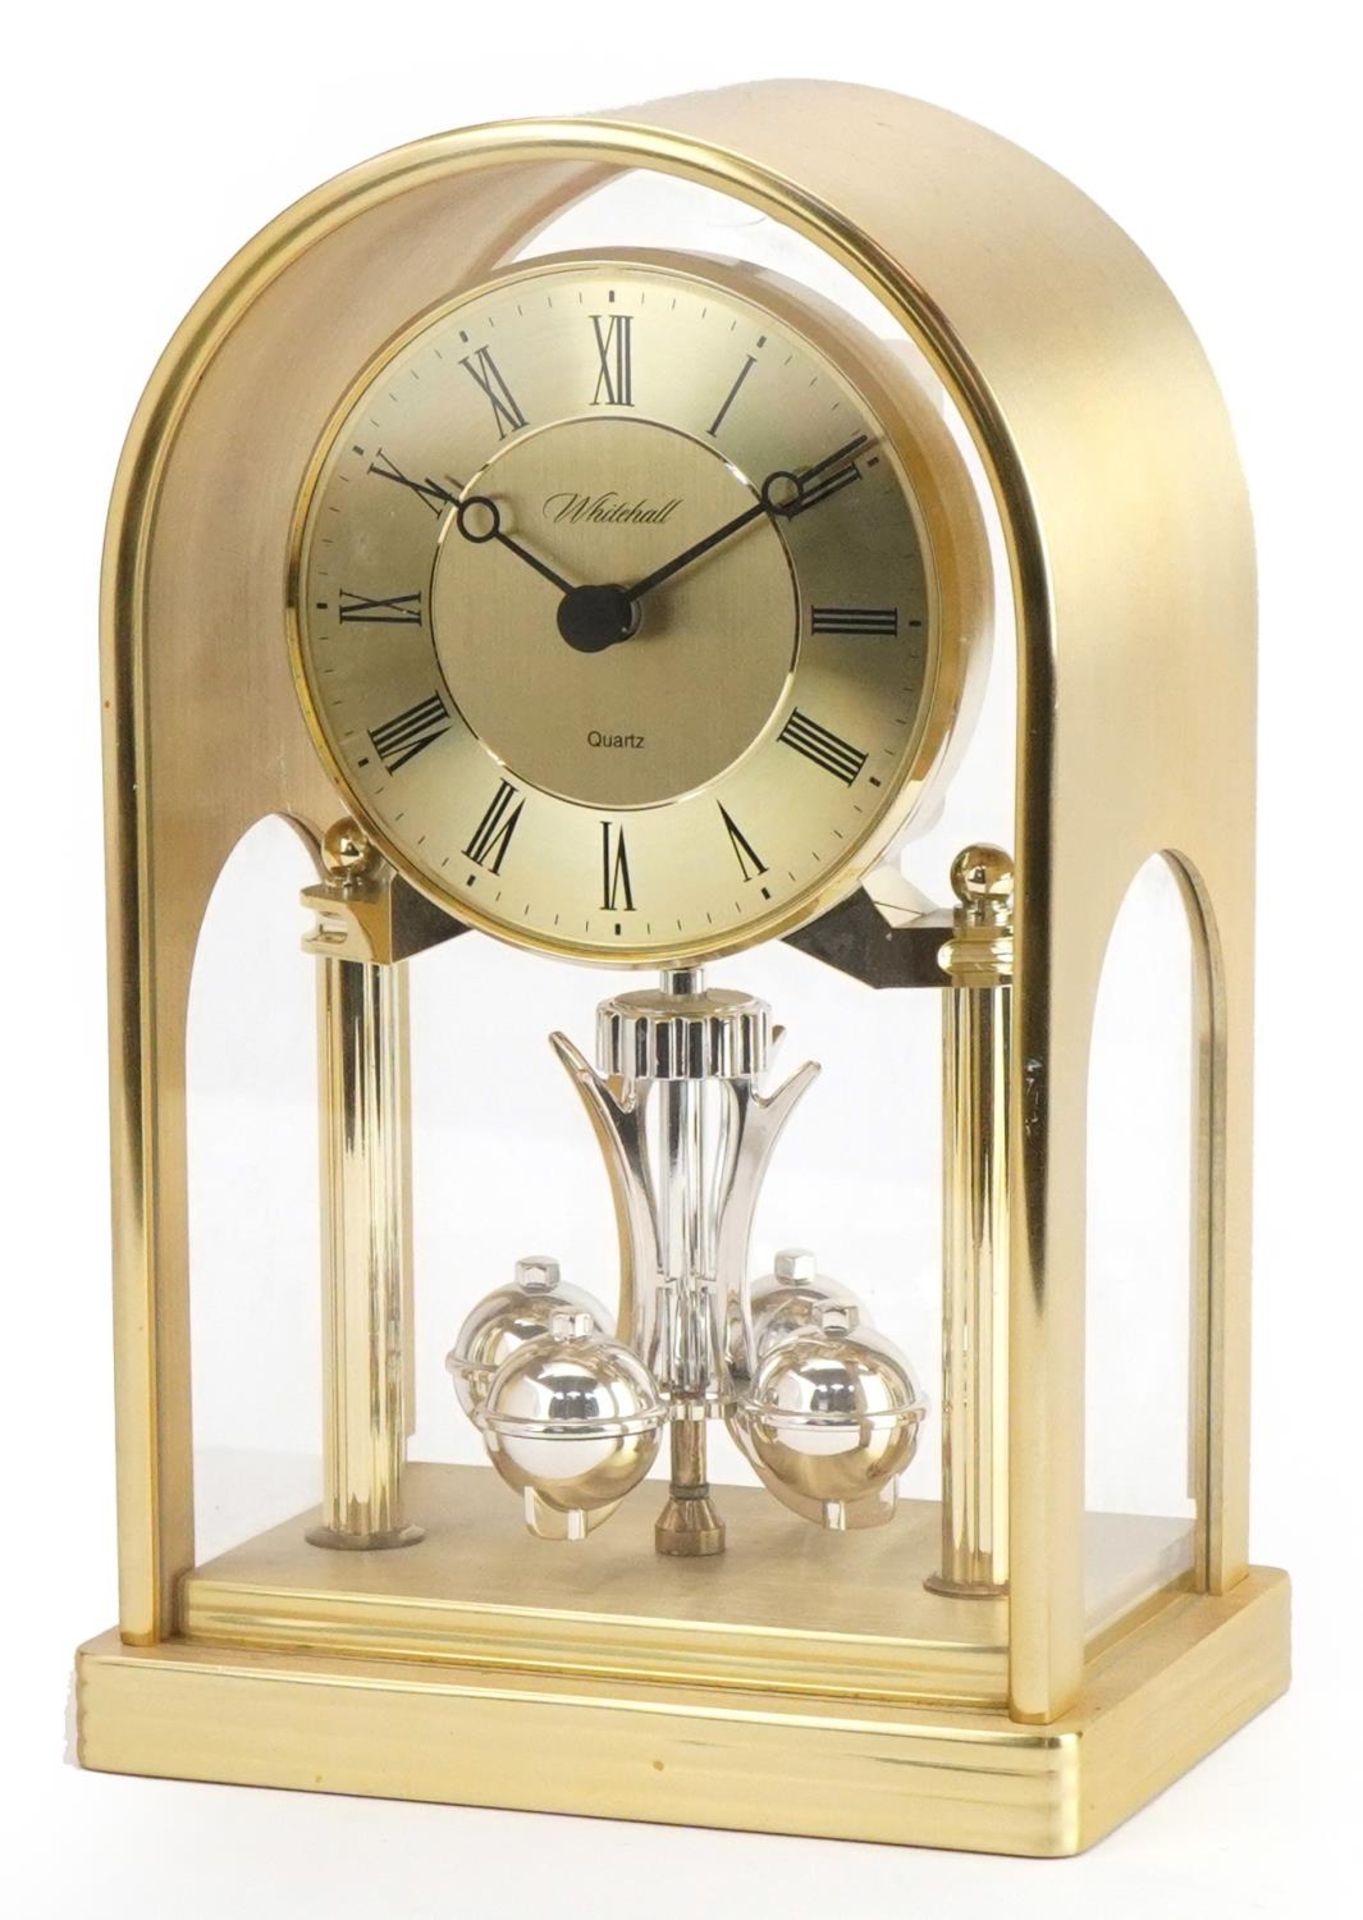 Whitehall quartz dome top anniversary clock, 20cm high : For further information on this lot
***
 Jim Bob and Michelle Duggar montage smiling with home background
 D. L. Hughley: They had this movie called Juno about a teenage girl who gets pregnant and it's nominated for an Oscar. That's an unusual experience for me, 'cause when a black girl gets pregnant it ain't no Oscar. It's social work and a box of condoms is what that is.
***
• WHAT THE TASK REQUIRES
Of the entries above, transcribe exactly those lines that fall between the line containing "Jim Bob and" and the line containing "D. L. Hughley: They", together with those two lines.

• YOUR RESPONSE
 Jim Bob and Michelle Duggar montage smiling with home background
 D. L. Hughley: They had this movie called Juno about a teenage girl who gets pregnant and it's nominated for an Oscar. That's an unusual experience for me, 'cause when a black girl gets pregnant it ain't no Oscar. It's social work and a box of condoms is what that is.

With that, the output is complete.